NAPOLITANO: Correct. But the unintended consequence of this is that people who live in districts with a lot of illegal aliens, fewer voters, they'll have more say in choosing their representatives. People who live in districts with fewer illegal aliens, where more people are voters, will have less say because there's more voters there.

DOOCY: So let me get this straight. Under this new guidance from the Supreme Court, if you are in this country illegally, let's say you're from -- let's say Mexico. So you not only have representation in your home country of Mexico, but now you've got representation in Washington, D.C., as well?

NAPOLITANO: Yes, yes. Yes, you do. And in the state house. Now, look, the Supreme Court didn't say Texas must do this. It said Texas may do this. And therefore, any one of the other 49 states may do this. It's a bit of a radical departure, both by Texas and by the Supreme Court, and it's a stunner because it was unanimous.

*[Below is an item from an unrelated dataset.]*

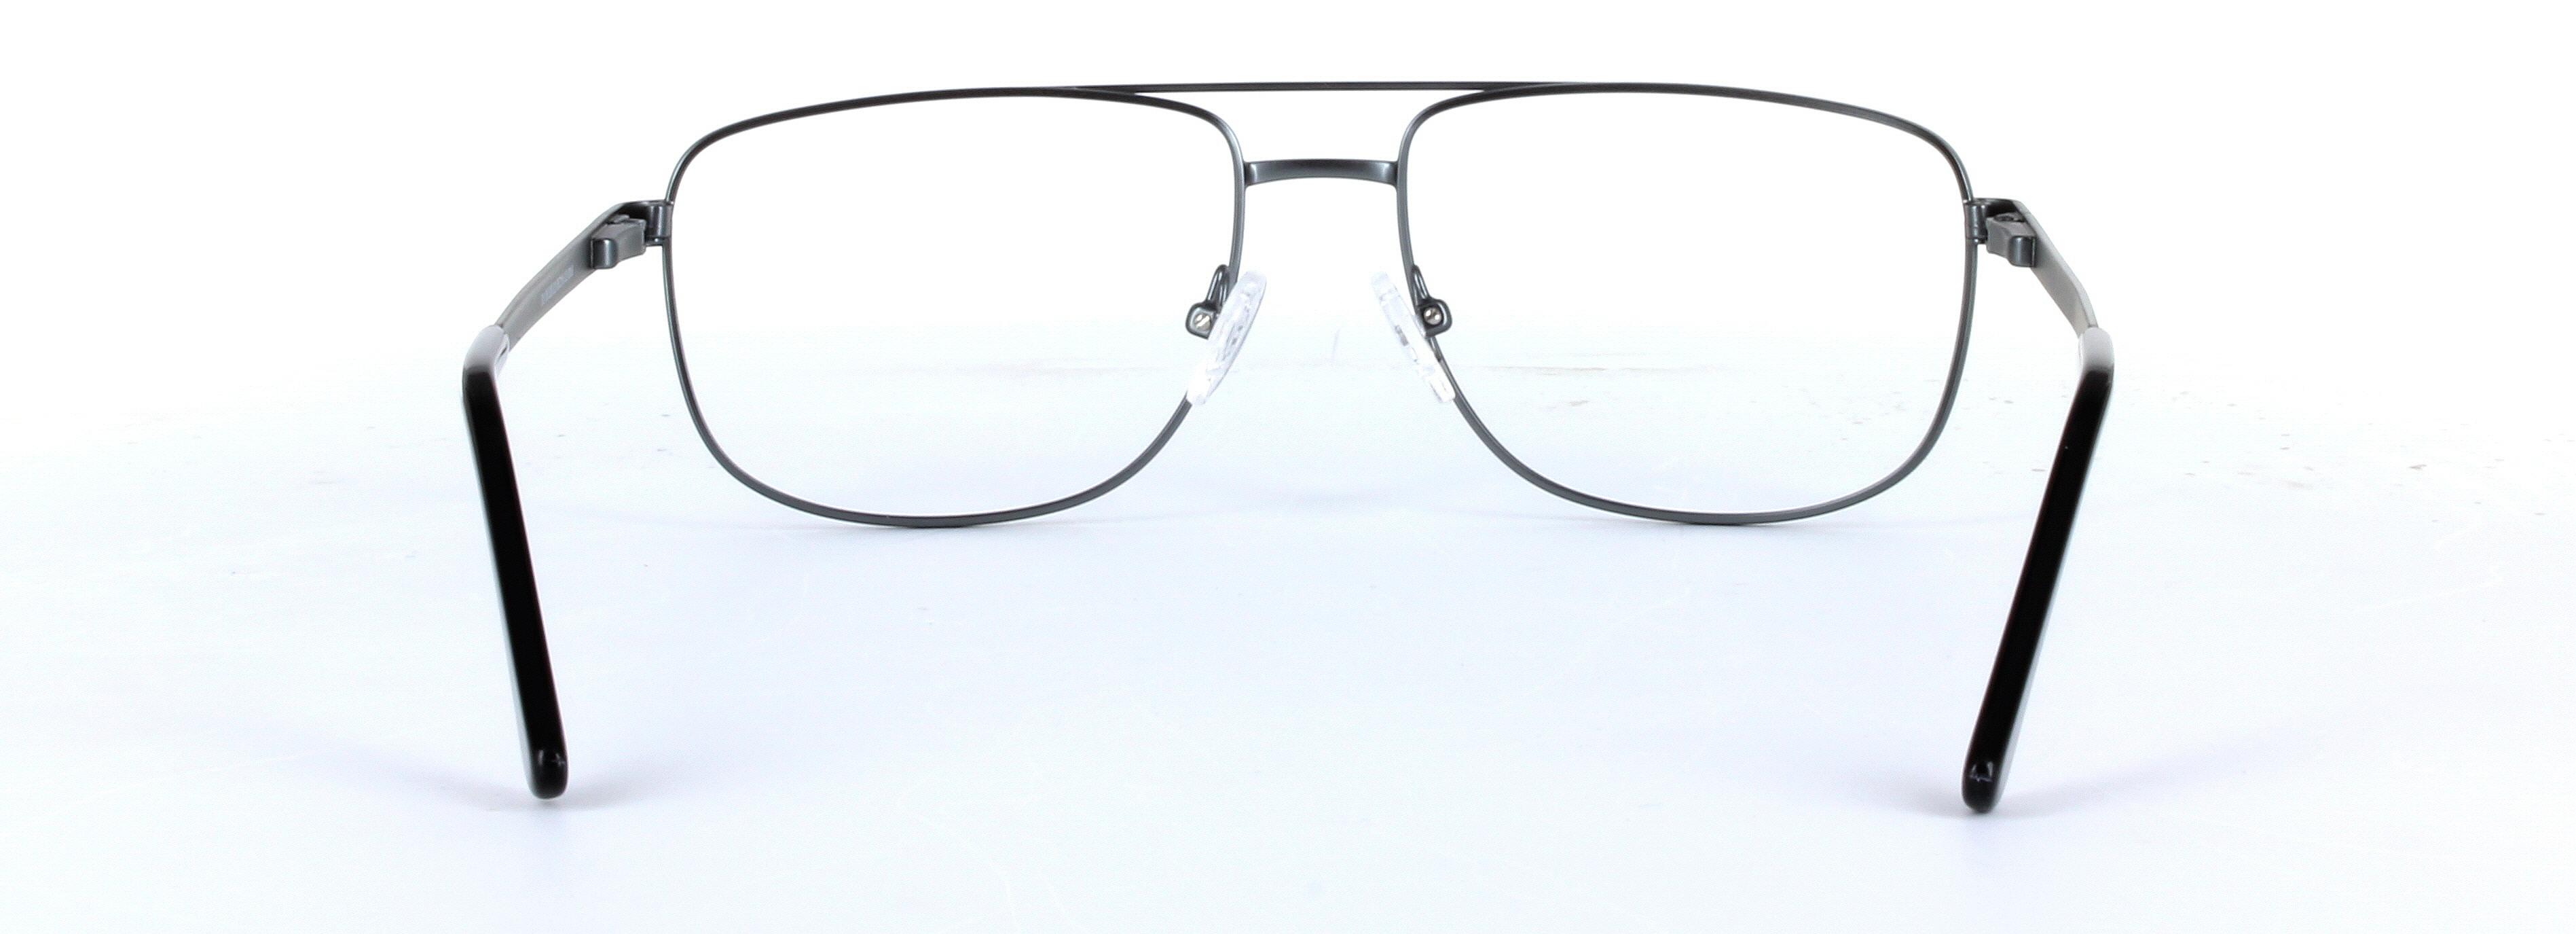 Marlowe Gunmetal Full Rim Oval Metal Glasses - Image View 3

DOOCY: Well I was going to say that. You said it was a head scratcher and yet everybody on the Supreme Court said, "yep, you got to do it this way."

NAPOLITANO: Even the conservative justices without Justice Scalia ... Justice Alito wrote a concurring opinion, Justice Thomas wrote a concurring opinion. But the final vote is 8 to nothing on this decision by Justice Ruth Bader Ginsburg, which is about the most expansive I have seen and may very well lead us into the direction of people who are not citizens voting. Not sure that that's going to happen, but it's a step in that direction.

DOOCY: You mentioned Ruth Bader Ginsburg. Here's part of the opinion. She said "representatives serve all residents, not just those eligible or registered to vote. Nonvoters have an important stake in many policy debates and in receiving constituent services, such as help navigating public-benefit bureaucracy."

NAPOLITANO: She's right that nonvoters, it's part of the problem, that nonvoters, people ineligible to vote, do receive government benefits, but of course have no say in choosing the people that decide on those benefits.

DOOCY: But I mean if Washington, D.C. is going to let a lot of illegals in, they're going to -- the general, the various districts across the country are going to need help from Washington to pay for them.

NAPOLITANO: Do you see the trend, do you see the way this is going? Which again, why I'm -- right. Which is why I'm stunned that this is eight zip.